━━━ Available records

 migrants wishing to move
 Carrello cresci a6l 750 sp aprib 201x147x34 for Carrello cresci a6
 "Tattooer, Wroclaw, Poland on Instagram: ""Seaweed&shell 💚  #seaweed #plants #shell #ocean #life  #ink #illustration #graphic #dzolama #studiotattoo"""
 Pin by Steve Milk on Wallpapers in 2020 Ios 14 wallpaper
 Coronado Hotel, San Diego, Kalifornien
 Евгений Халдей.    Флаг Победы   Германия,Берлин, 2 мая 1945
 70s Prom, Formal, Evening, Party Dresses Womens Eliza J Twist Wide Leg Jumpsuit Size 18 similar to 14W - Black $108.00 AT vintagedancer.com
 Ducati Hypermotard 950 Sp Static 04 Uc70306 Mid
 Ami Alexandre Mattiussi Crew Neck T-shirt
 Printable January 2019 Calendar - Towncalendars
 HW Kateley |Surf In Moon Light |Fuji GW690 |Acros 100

━━━━━━

What you are asked to do
Nothing but the lines from the one that contains "Ducati Hypermotard 950" through the last line of the entries should appear in your reply, each repeated exactly.

Response area
 Ducati Hypermotard 950 Sp Static 04 Uc70306 Mid
 Ami Alexandre Mattiussi Crew Neck T-shirt
 Printable January 2019 Calendar - Towncalendars
 HW Kateley |Surf In Moon Light |Fuji GW690 |Acros 100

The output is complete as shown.